Lately—well, the last year or so—I've been involved in a project which intends to foster the editing and publishing of book-length manuscripts by relatively long-established nonfictionists. My book Lineage and Steven Harvey's Folly Beach served as the first test cases. In the coming year and perhaps later years the two of us and the poet-essayist Kathryn Winograd expect to apply what we've learned from our experiment to manuscripts by three more writers, in hopes of their books emerging in the near future. At base we're trying to give support and encouragement to people like us who, even though they find it challenging to place their recent writing with the kind of trade or university presses that published their work in the past, still keep writing personal essays and memoirs. As we're well aware, we're not the only ones this happens to.


As if I needed confirmation of that, I recently read an essay posted online in Kenyon Review titled "On Not Giving Up," by Laura Maylene Walter. She tells us of her decision years ago to "keep writing even if I never publish again." Writing, she says, "can be a breeding ground for loneliness, self-doubt, and self-loathing; it's rife with rejection; it's tough on both the spine and the heart; and there's pitifully little money in it, and often just as little respect." She adds, "It's not easy to stay the course through the years and decades, especially if you feel you don't have much to show for it." Later she explains her recurring struggles with "how frustrating the writing was," claiming that over the years she was "racking up hundreds—probably thousands—of rejections." In spite of that she kept writing.

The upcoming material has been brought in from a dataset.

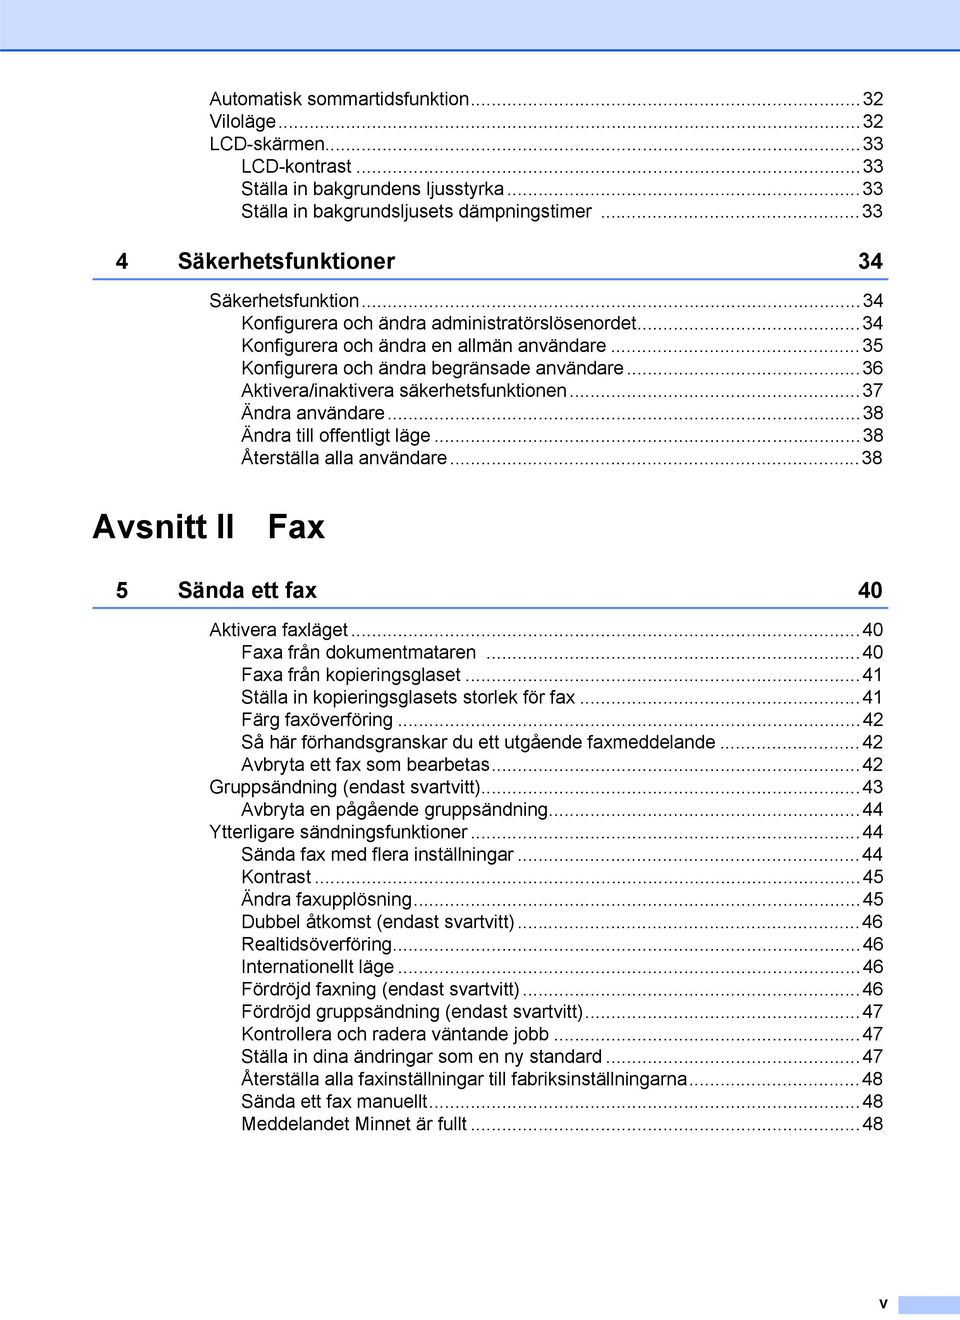 ..36 Aktivera/inaktivera säkerhetsfunktionen...37 Ändra användare...38 Ändra till offentligt läge...38 Återställa alla användare...38 Avsnitt II Fax 5 Sända ett fax 40 Aktivera faxläget.

It will come as no surprise that, despite Walter's account of her bouts with frustration and self-doubt, her refusal to simply quit writing resonates with me and, I'm certain, with most writers unable to break the habit. Something there is in writers that can't resist a blank page, that needs to scribble ideas upon it. My wife and I have been decluttering our dwelling lately and I continue to unearth ancient artifacts of my own writing life, a vast assortment of manuscripts and typescripts and printouts and publications of all kinds—columns and reviews, articles and essays, plays and poems and songs and scripts—and an overwhelming volume of handwritten journal entries dating back many decades. I'm also only too aware of how many project logs and reflective posts (which I often refer to as "whining journal entries") and the like take up bytes and kilobytes and megabytes on my succession of laptops, flashdrives, CDs, and floppy disks, not to mention various "clouds" somewhere.


Much of it—maybe even most of it—is overwhelming evidence of an obsession with expression. I even keep a Blog Log, to report to myself what I've been doing or have done or may possibly do to generate another entry. When I'm not specifically working on something I'll write about that in a file—the Notes entry I tend to compose every other Friday now always ends with this quote from me: "Avoiding work by writing about all the work I have to do is a standard device of mine that seems to be working." To my mind, it counts as writing. What got me into writing was not a desire to publish but a need to clarify my thinking by wrestling with the words I use to express it. It's generated a lot of sentences over the years.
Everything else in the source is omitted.